校長室より

賢い不服従

賢い不服従

 今回は「盲導犬」の話です。視覚に障がいがある方々に対して、盲導犬が役立つことがあります。この盲導犬は、どんな犬でもできるものではなく、長い期間の訓練が必要ですし、ユーザー(障がい者)の方との相性もあるようです。盲導犬は、ユーザーの命令に従って行動するようにしつけられています。そんな中「賢い(「利口な」という場合もある)不服従」というものがあります。これはユーザーの安全を守るために、あえてその命令に逆らう事です。賢い不服従ができることは盲導犬がその役割をうまく果たすために重要な能力の一つであるため、この訓練は重要な訓練の一つです。

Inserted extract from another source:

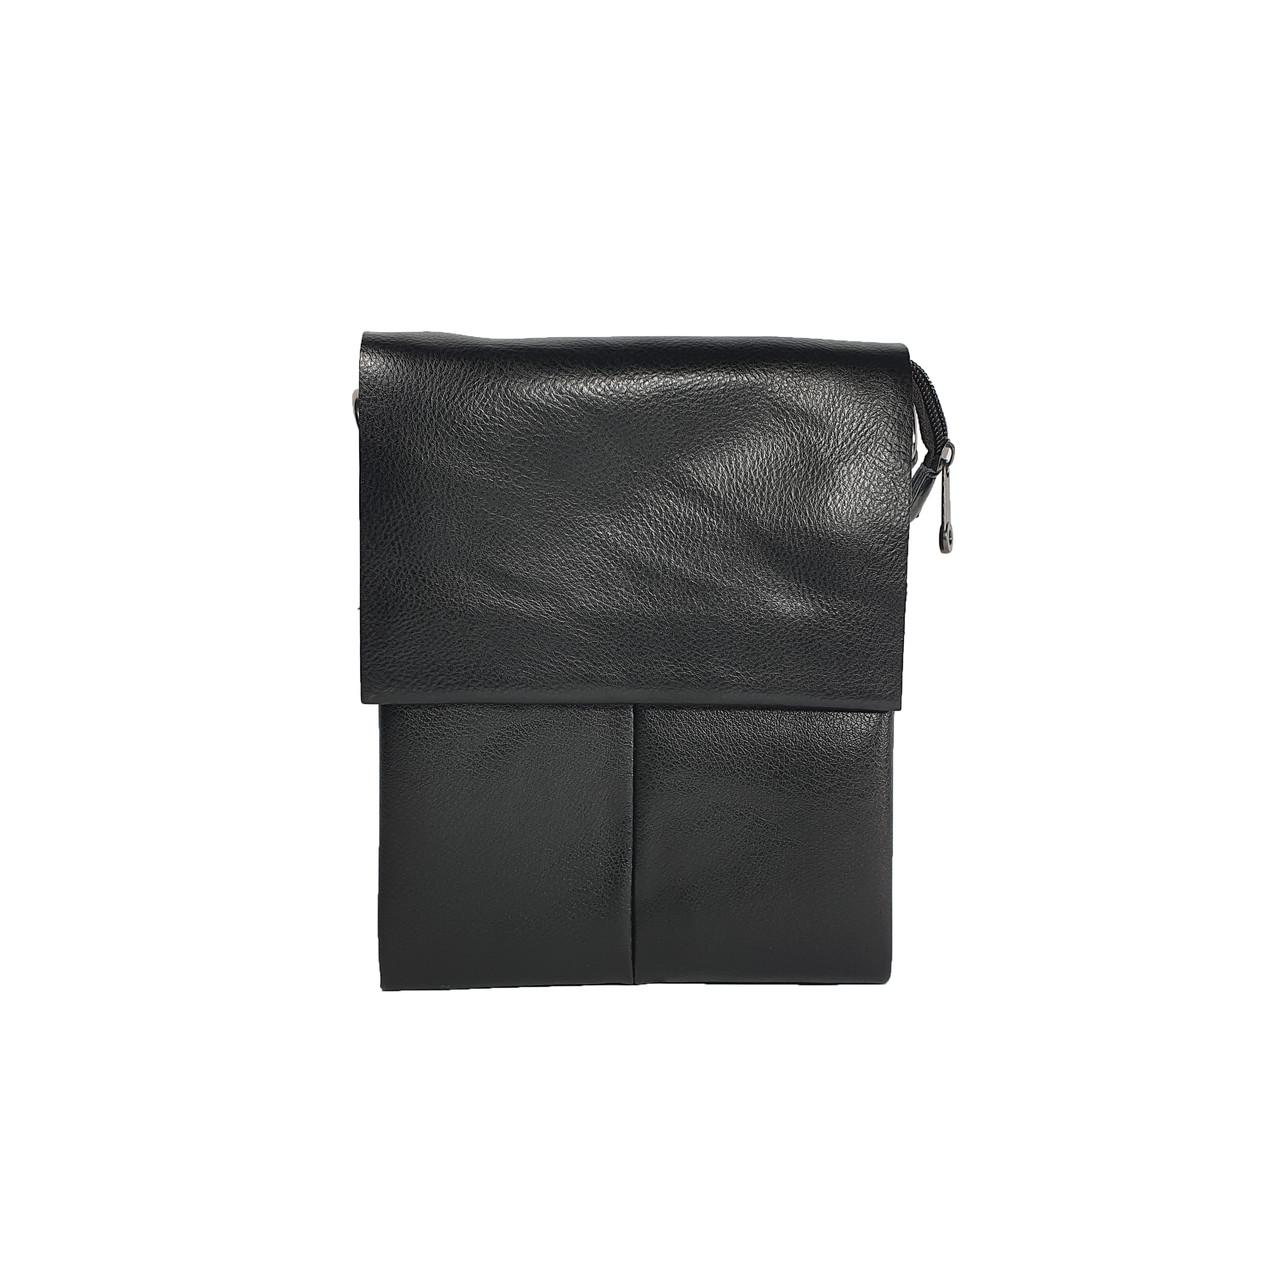 Многосекционная сумка с кожаным клапаном, средняя

 例えば、ユーザーがある方向に進みたいと思い、そのような命令を盲導犬に出したとき、その方向の地面に深い溝があってユーザーが転落するなどの危険が考えられる場合は、盲導犬はその命令を拒否します。また同じようにユーザーがある方向に進みたいと思い、そのような命令を盲導犬に出したとき、盲導犬自身は何の問題もなくその場所を通れたとしても、比較的低い位置に木の枝などがあって、ユーザーが頭をぶつける可能性がある場合は、やはり盲導犬はその命令を拒否します。

 さて、賢い不服従は盲導犬だけに当てはまることでしょうか。例えば「良心的兵役拒否」というものがあります。アメリカの南北戦争の時、あるキリスト教のグループが良心的兵役拒否を行ったことがあります。第二次世界大戦の時も、アメリカでは6000人ほどの人が兵役拒否しています。ドイツでは1999年に17万四千人の若者が兵役を拒否して、市民的奉仕活動に従事しています。そういうシステムが認められている訳です。第二次世界大戦の時、日本では可能だったでしょうか。また兵役に限らず、このような例は絶対にないと言えるでしょうか。

 作家の落合恵子さんは次のように書いておられました。「何かを強制されそうになったとき、私たちも自分の頭で考えて『賢い不服従』を貫くことを学びたい」不服従は、服従しないという意味で、復習をしないという意味ではありません。学習には復習が大切です。